In the years since, historians have gone to great lengths to recover what was lost. Raboteau combed through slave narratives, looking for every reference to faith. Harvey searched through travel narratives and white church records, looking for commentary on black Christians. Much of what he found was explicitly racist and dismissed African American faith as ignorant, but nonetheless it offered him glimpses of the forgotten Christians’ faith and practice.
Other recovery efforts are even more creative. At Colonial Williamsburg, for example, several African American men have been performing Gowan Pamphlet for visitors to the living history museum. James Ingram, one of the reenactors, started in 1998 with a two-paragraph description of everything that was then known about the black Baptist minister.
“What really stuck out to me was that those couple of paragraphs were kind of conjecture,” Ingram said.

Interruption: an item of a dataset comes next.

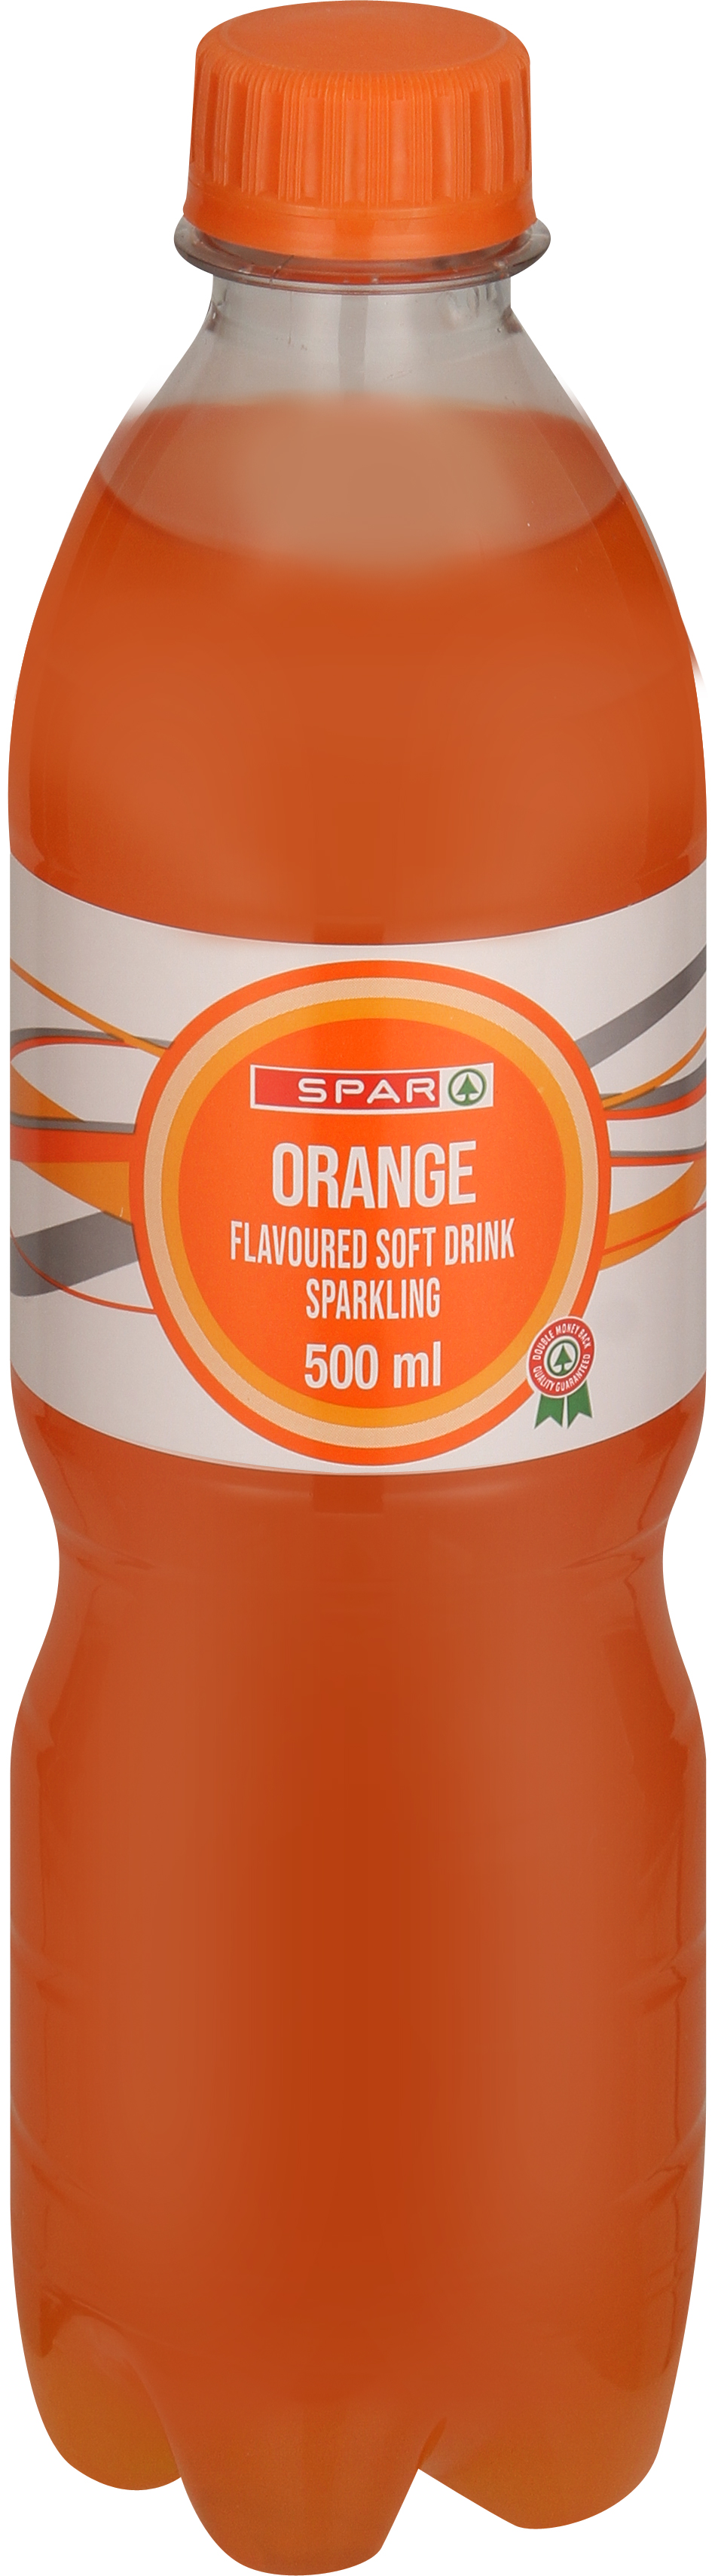 carbonated soft drink orange flavoured

For the past 22 years, Ingram has learned everything he could about the world Pamphlet lived in. And he has tried to imaginatively access Pamphlet’s history by using their shared experiences.
Ingram is also Baptist, also ordained, and also a black man who grew up in Virginia. He writes sermons as Pamphlet and thinks about what he would have preached in the years after the Declaration of Independance.

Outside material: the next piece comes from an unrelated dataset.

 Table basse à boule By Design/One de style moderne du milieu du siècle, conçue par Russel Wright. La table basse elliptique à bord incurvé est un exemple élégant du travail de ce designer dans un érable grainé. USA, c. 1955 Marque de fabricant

He’s hoping the excavation of the church will give him more information.
Jack Gary, the director of archaeology at Colonial Williamsburg, hopes so too. But it’s slow work. Six professional archaeologists and several graduate students pull back the soil by hand, running it through a screen and collecting and documenting everything they find. They take pictures and draw maps, noting even the stains in the dirt, which might tell them something. They record bits of glass, distinguishing which come from windows and which from wine bottles.
Later, they will wash it all, curate it, and work together to interpret the whole assemblage of things left behind and buried at the First Baptist Church.
They dig up an ink bottle, which means someone at this church could write. A vanilla extract bottle, which means someone was cooking. Animal bones, which might mean there was a barbecue. And they slowly uncover the foundation of the old church.
“The building itself is probably not going to be an architectural wonder,” Gary said. “But our study of it provides the place where we can have these conversations about the early African American Baptists and what they went through. You can stand on that spot and it’s powerful.”
Connie Matthews Harshaw felt that right away.
“It is nobody but God,” she said. “He is all up in the mix.”
Daniel Silliman is news editor for Christianity Today.